"The Dublin Core Metadata Initiative (DCMI) is an organization dedicated to promoting the widespread adoption of interoperable metadata standards and developing specialized metadata vocabularies for describing resources that enable more intelligent information discovery systems."
DublinCore develops recommendations for semantic definitions of metadata terms, as well as recommendations for implementation and usage of those terms.
The Dublin Core Metadata Element Set, version 1.1 (core elements) is ISO Standard 15836-2003 (February 2003, PDF).
Quick reference to the original fifteen Dublin Core Elements (<-- this is the one to read to get a feel for DublinCore).
title -- A name given to the resource.
creator -- An entity primarily responsible for making the content of the resource.
subject -- The topic of the content of the resource.
description -- An account of the content of the resource.

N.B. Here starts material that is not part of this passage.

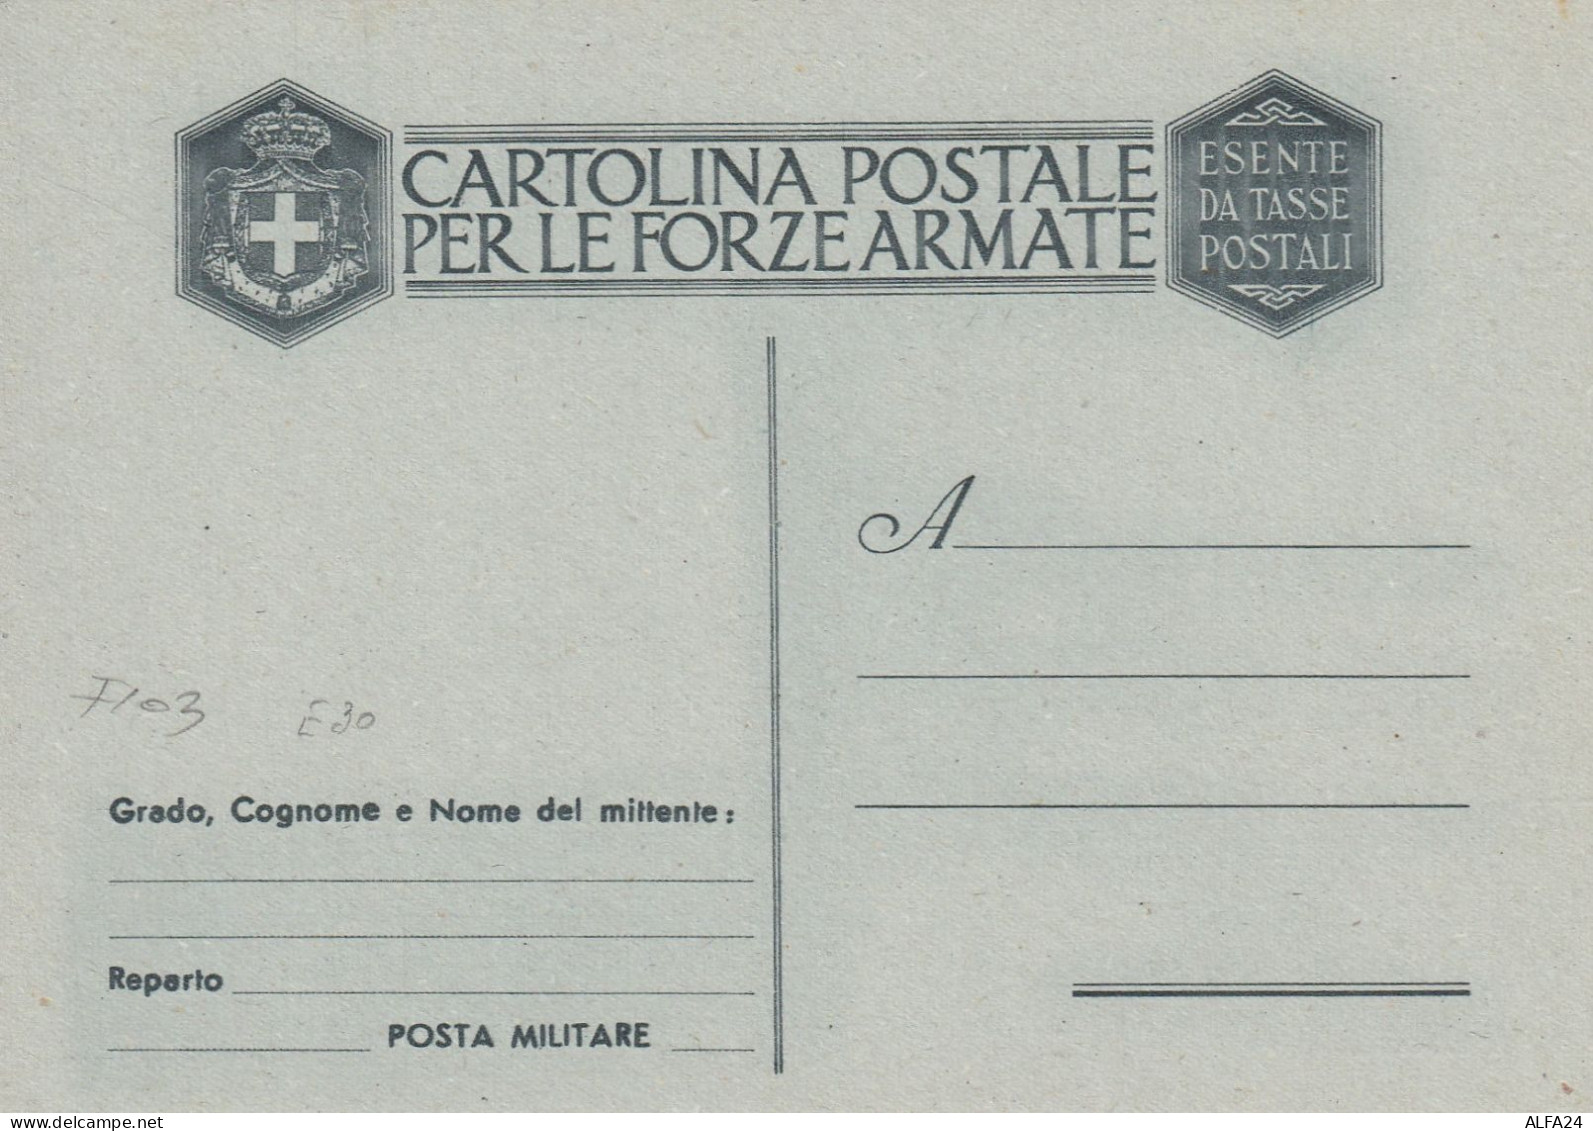 FRANCHIGIA NUOVA 1943 SENZA FASCI ESENTE DA TASSE POSTALI (XT4252 - Franchise

publisher -- An entity responsible for making the resource available.
contributor -- An entity responsible for making contributions to the content of the resource.
date -- A date associated with an event in the life cycle of the resource.
type -- The nature or genre of the content of the resource.
format -- The physical or digital manifestation of the resource.
identifier -- An unambiguous reference to the resource within a given context.
source -- A reference to a resource from which the present resource is derived.
language -- A language of the intellectual content of the resource.
relation -- A reference to a related resource.
coverage -- The extent or scope of the content of the resource.
rights -- Information about rights held in and over the resource.
Each definition includes clarifying comments, please read the clarifying comments that accompany the definitions in the quick reference above.
In addition to the above original terms, DublinCore also defines some additional terms and several refinements. In several cases, refinements offer specific terms for the "typical" uses noted in the comments of definitions. See also RefinementPattern.
Pages discussing specific DublinCore elements:
Dublin Core and Atom
How can DublinCore help in the development of Atom?
First, it has to be recognized that DublinCore is a set of "layered" specification and we get to choose which layers we use.
At the most conceptual layer, DublinCore provides definitions for fifteen concepts used to describe things (date, format, title, etc.). It is these fifteen definitions that have been standardized by ISO. Although the definitions have labels or names to refer to them, those names are not proscriptive -- no one says you have to use those labels in your own formats or recommendations. In addition to the fifteen core definitions, several additions and refinements are also defined, but not (yet?) standardized by the ISO. The intent is for interoperability and data exchange. They are intended to be used by reference and in documentation, "our ferzbaz date is a Dublin Core creation date".
The next layer is using the terms and qualifiers within one's own model and specifications. The recommendation here is to use the DublinCore terms literally, where they are applicable, and deriving from DublinCore terms when creating new terms, again, where they are applicable.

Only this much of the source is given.